Brad Knott has represented North Carolina's 13th District since January 2025. He's new to Washington, but his first year already shows whose side he's on. Here are 3 things voters in the Research Triangle should know.
He's funded by corporate giants, not working families
Knott represents a district full of working families in the Research Triangle. So who pays for his campaign? Look at his top donors:
- Blackstone Group
- Accenture
- Walmart
- Home Depot
- Deloitte
These are some of the largest corporations on Earth.

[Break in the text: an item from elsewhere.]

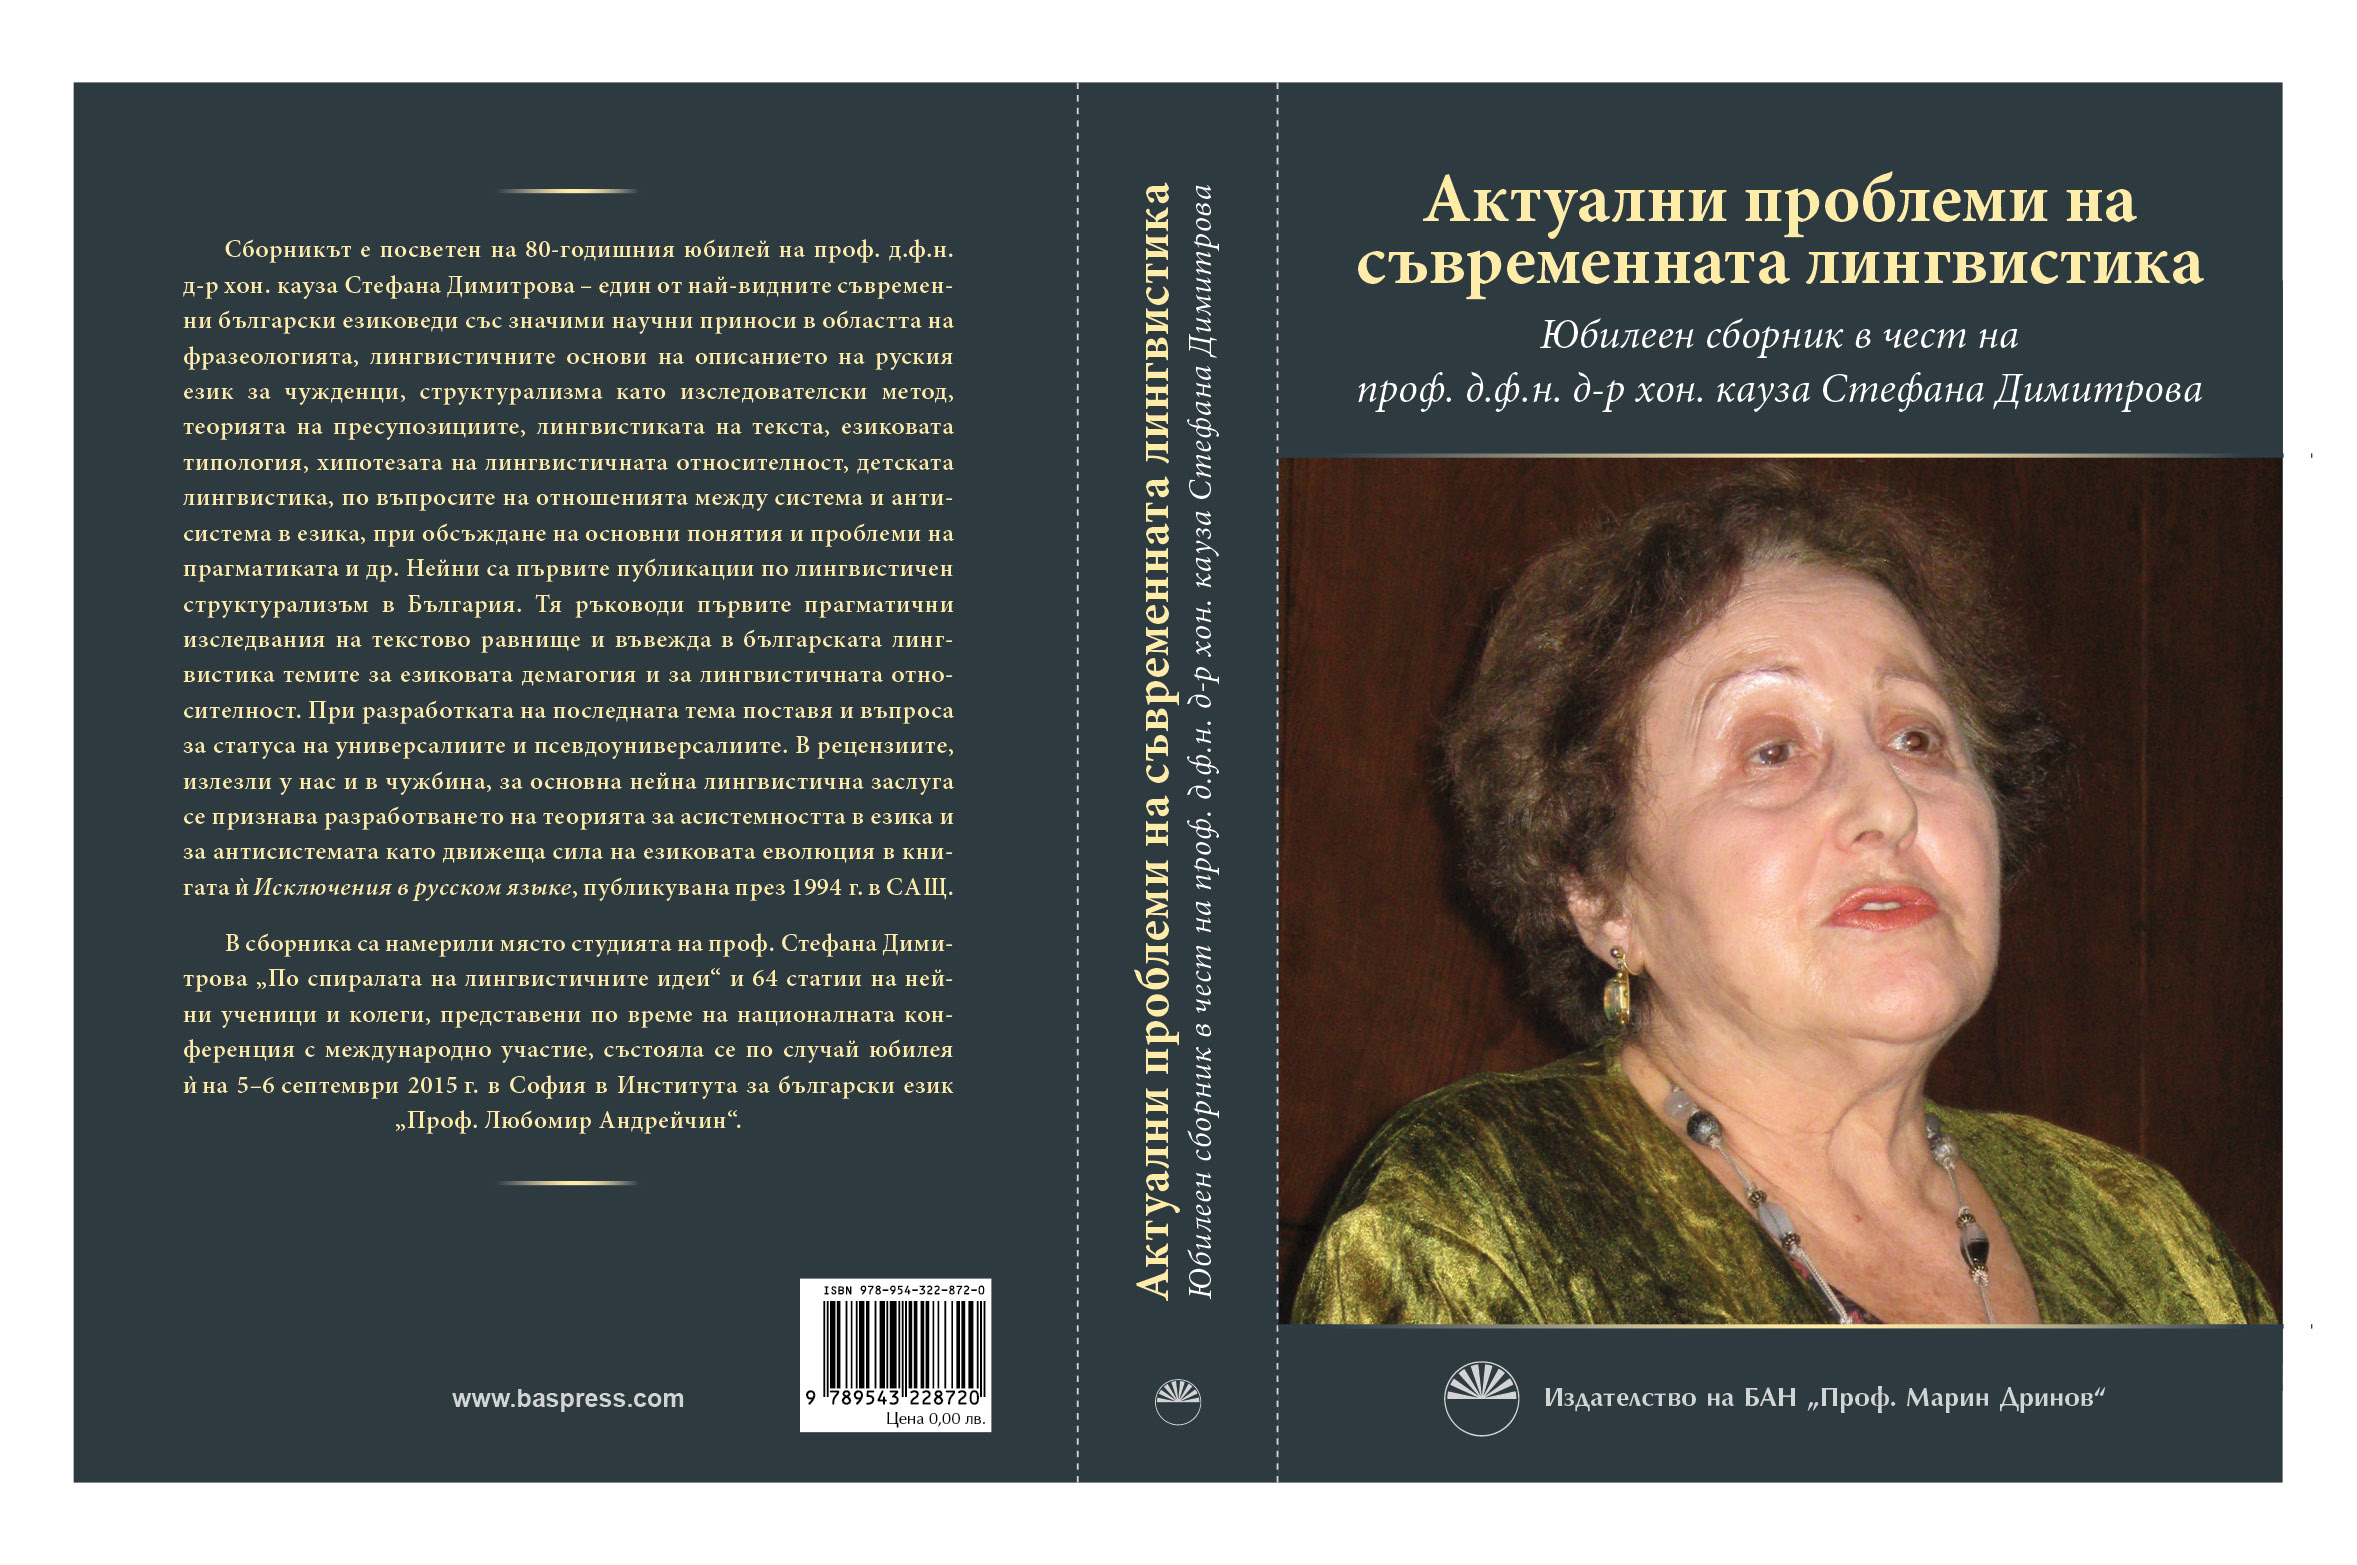 Book Dedicated to the 80th Anniversary of prof. Stefana Dimitrova

When the people writing your representative's checks are giant Wall Street firms and big-box chains, it's a safe bet they're the ones he answers to — not the family down the street trying to make ends meet.
He shrugged while DOGE gutted his own district's economy
Knott's district took one of the hardest hits in the entire country when Elon Musk's DOGE took a chainsaw to the federal government — and Knott went right along with it, aligning himself with the DOGE agenda.
The damage to the Research Triangle was massive:
- Research Triangle Park was the hardest-hit congressional district in the country, losing 186 federal grants.
- RTI International — a major research employer in the Triangle — lost about $1 billion in contracts and laid off one-third of its workforce.
- UNC-Chapel Hill lost $38.4 million in federal grants, and Duke University lost more than $135 million.
All told, North Carolina lost at least $714 million to DOGE cuts. These were jobs and research dollars in Knott's own backyard. He had a chance to fight for them. He cheered the cuts instead.
He cheered on a masked, out-of-control ICE
We should all be able to live our lives without fear that law enforcement will turn on us. But ICE has become a secret police force, with masked agents grabbing people off the street, hauling them away from court hearings, and — in two separate cases in early 2026 — killing U.S. citizens.
Brad Knott's response wasn't to demand accountability. He bragged about voting to restore and expand ICE funding — pouring more money into the very agency that's terrorizing communities. A solid majority of Americans disapprove of how ICE operates. Knott wants to give it more.
Whose side is Brad Knott on?
A donor list full of corporate giants, a shrug while his district's economy got gutted, and a cheer for a police force that's killing citizens. Different issues, same instinct — and even in just his first year, the pattern is already set. Before you vote in 2026, it's worth knowing whose side Brad Knott is actually on. It hasn't been the Research Triangle's.